A água é um recurso de múltiplos usos econômicos/produtivos e essencial para a vida. Essa diversidade, por vezes revela-se como elemento gerador de conflitos agravados pela natural irregularidade na disposição quali-quantitativa da água. Em reconhecimento a sua essencialidade, a gestão dos recursos hídricos, pautada na Lei 9.433/97, busca criar ferramentas para a administração dos distintos interesses de forma a assegurar em caráter preventivo e propositivo a sustentabilidade e eficiência no uso da água.
Entre os instrumentos de gestão estabelecidos pela Lei de 1997 insere-se a cobrança pelo uso da água bruta. Sua aplicação objetiva principalmente a arrecadação de recursos financeiros que auxiliem na viabilização de melhorias ao corpo hídrico utilizado, bem como a promoção da racionalidade do uso atrelado a um valor que até então não é cobrado pela maioria dos comitês de bacias hidrográficas brasileiras.
No Brasil, até março de 2019, seis bacias Federais tinham implementado o instrumento de cobrança pelo uso da água. Como resultado a água passa a se configurar como um novo item de custo, impactando sobre seus usuários em maior ou menor grau e suscitando dúvidas quanto ao caráter público da água enquanto um bem econômico.
De acordo com dados de Conjuntura de Recursos Hídricos disponibilizados pela Agência Nacional de água – ANA, referente aos valores arrecadados por cada grupo usuário, o saneamento tem significativa participação no montante total arrecadado pelas bacias.
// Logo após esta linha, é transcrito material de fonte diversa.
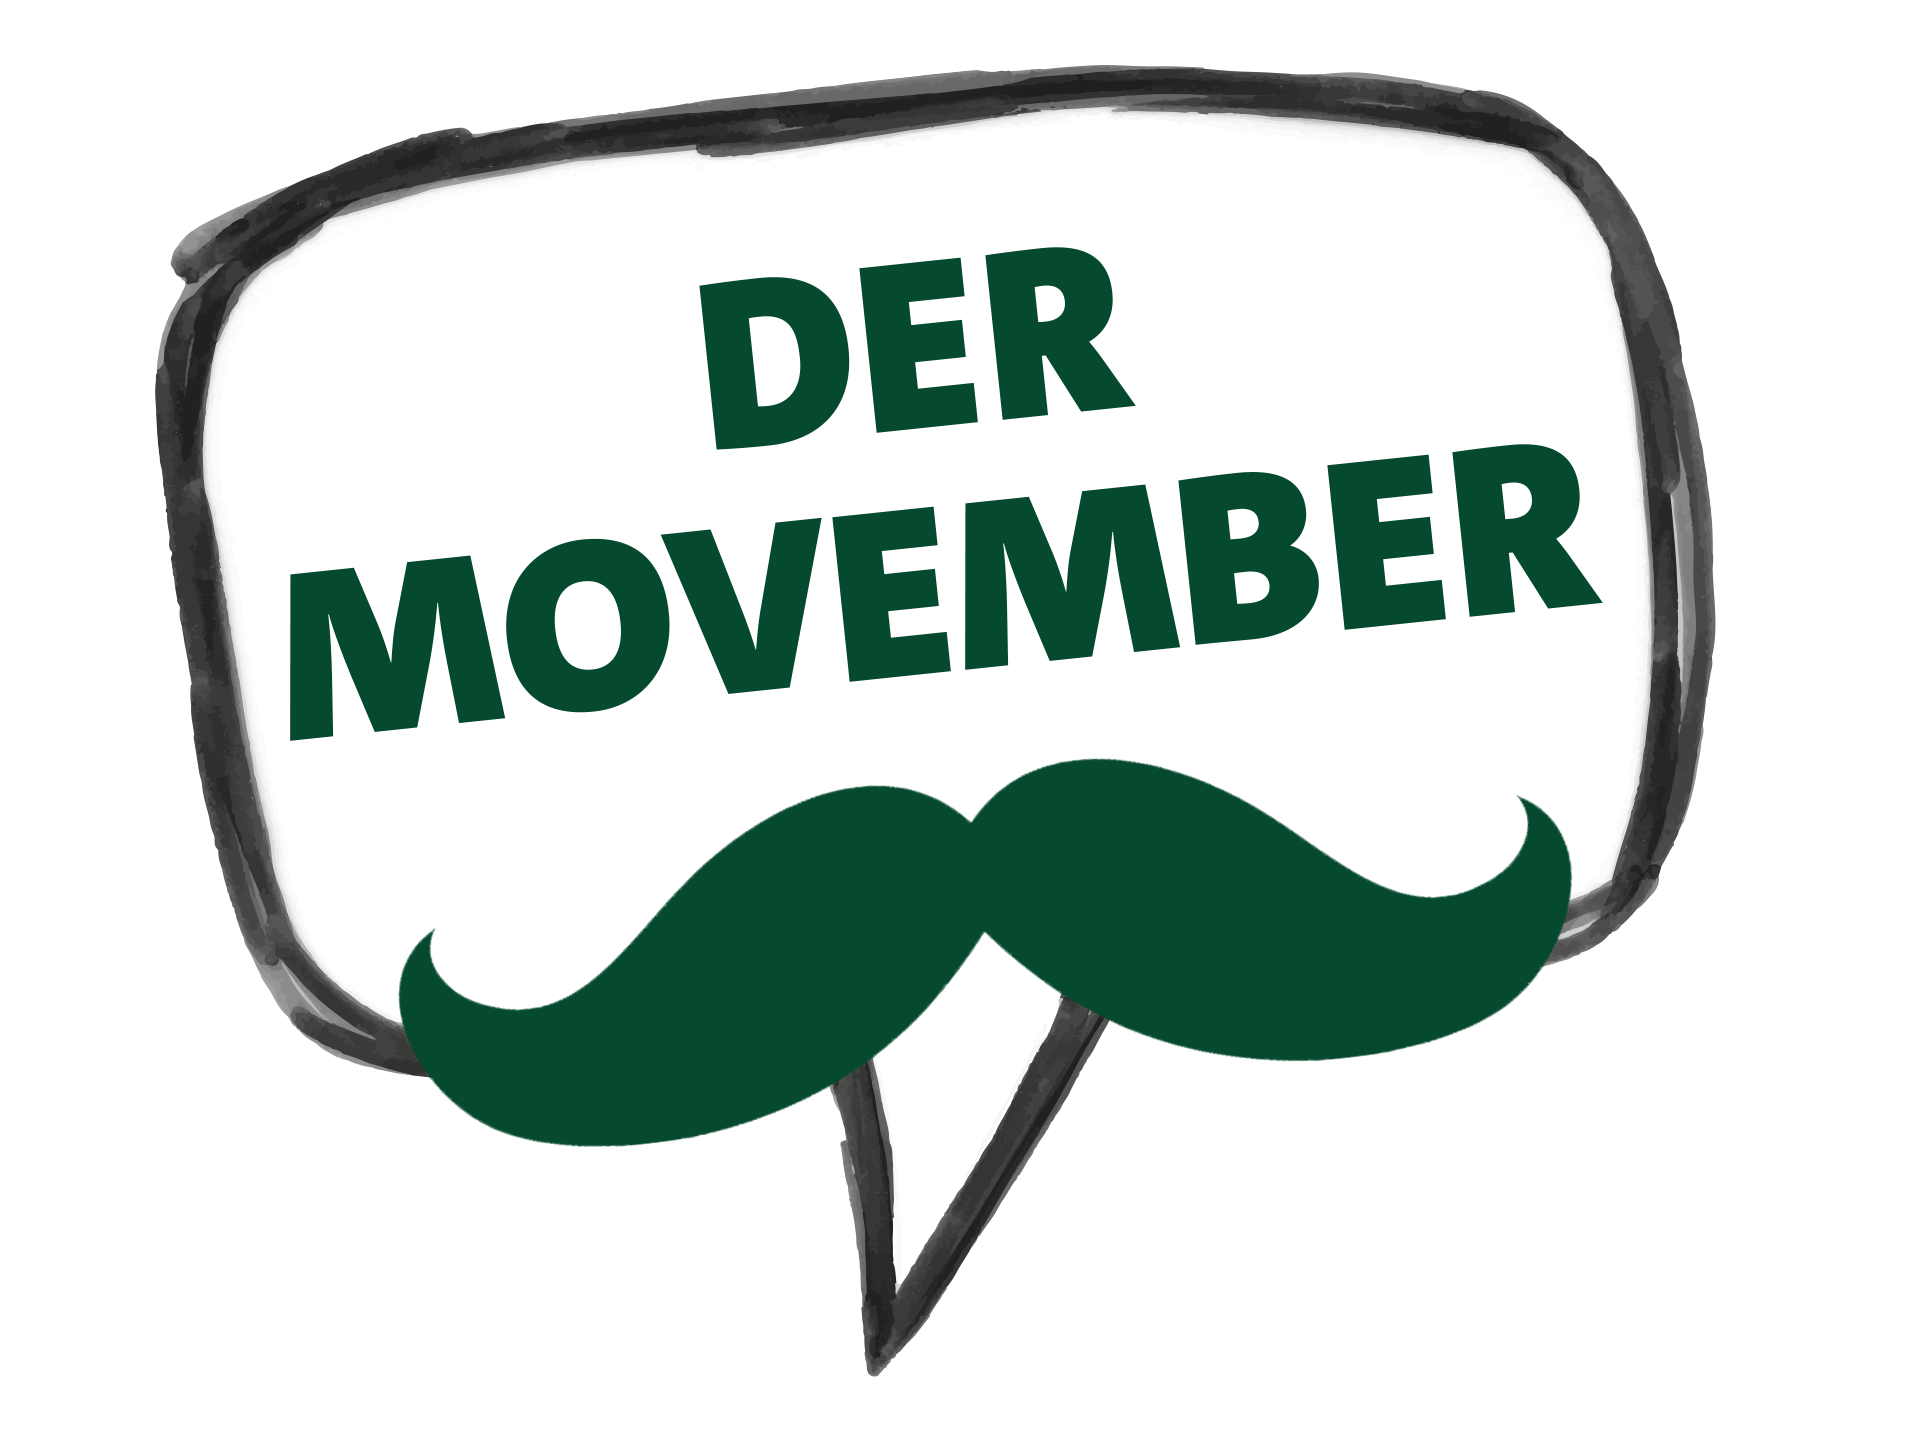 Der Movember - Erklärung zum Männermonat November

No ano de 2017 o setor de saneamento representou mais de 80% do valor a arrecadação pela bacia do Rio São Francisco, acompanhado do comitê do Rio Piracicaba, Capivari e Jundiaí (84,9%) e do Rio Paraíba do Sul (68,7%).
No âmbito Estadual, a gestão referente aos recursos hídricos baseia-se na estrutura de domínio Federal. Tomando como base o Estado da Bahia, no qual está inserida a Bacia Hidrográfica do Rio Paraguaçu – BHP, as atuais políticas de gerenciamento de recursos hídricos do Estado foram estabelecidas pela Lei nº 11.612 de 2009 e até o presente momento, estudos para implementação da cobrança na Bahia seguem em andamento, não existindo cobrança nos rios de domínio do Estado.
Contribuindo para os estudos de cobrança na Bahia, o trabalho simulou a cobrança na captação de água na Bacia Hidrográfica do Paraguaçu (BHP). Foi utilizada a metodologia implementada na Bacia do São Francisco (CBHSF) segundo Deliberação n° 40/2008 aprovada em 2010 e a mais recente metodologia revisada em 2017 conforme Deliberação nº 94, em vigor a partir de 1° de janeiro de 2019. Em se tratando da captação do setor de saneamento a nova fórmula de cobrança insere um parâmetro de eficiência determinado pelo indicador IN049 do Diagnóstico de Água e Esgoto do Sistema Nacional de Informações sobre Saneamento, correspondente ao Índice de Perdas na Distribuição. O volume de captação utilizado na simulação foi relatado pela Embasa, prestadora responsável pelo serviço na região, equivalente a vazão outorgada pela empresa na BHP.
A diferença entre os resultados das simulações de 2010 e 2019 evidenciam uma redução no valor cobrado na metodologia mais recente, mostrando que a incorporação das perdas vai de encontro ao estímulo para racionalidade do uso da água. A partir dos montantes obtidos com a simulação, em um cenário sem repasse, em que a Embasa incorpora o valor da cobrança na sua estrutura de custos, foi possível identificar que os valores agravam o déficit já existente no serviço de abastecimento de água da empresa. No cenário com o repasse integral dos custos da cobrança na captação para o consumidor final, a variação percentual da tarifa é pouco significativa para o valor final cobrado na conta de água, desconsiderando a cobrança como indutora de um consumo consciente e racional.
O presente texto sintetiza resultados apresentados e discutidos na monografia de conclusão de curso de Karine Veiga dos Santos, pesquisadora do RHIOS, sob orientação da Profª Dra. Telma Teixeira.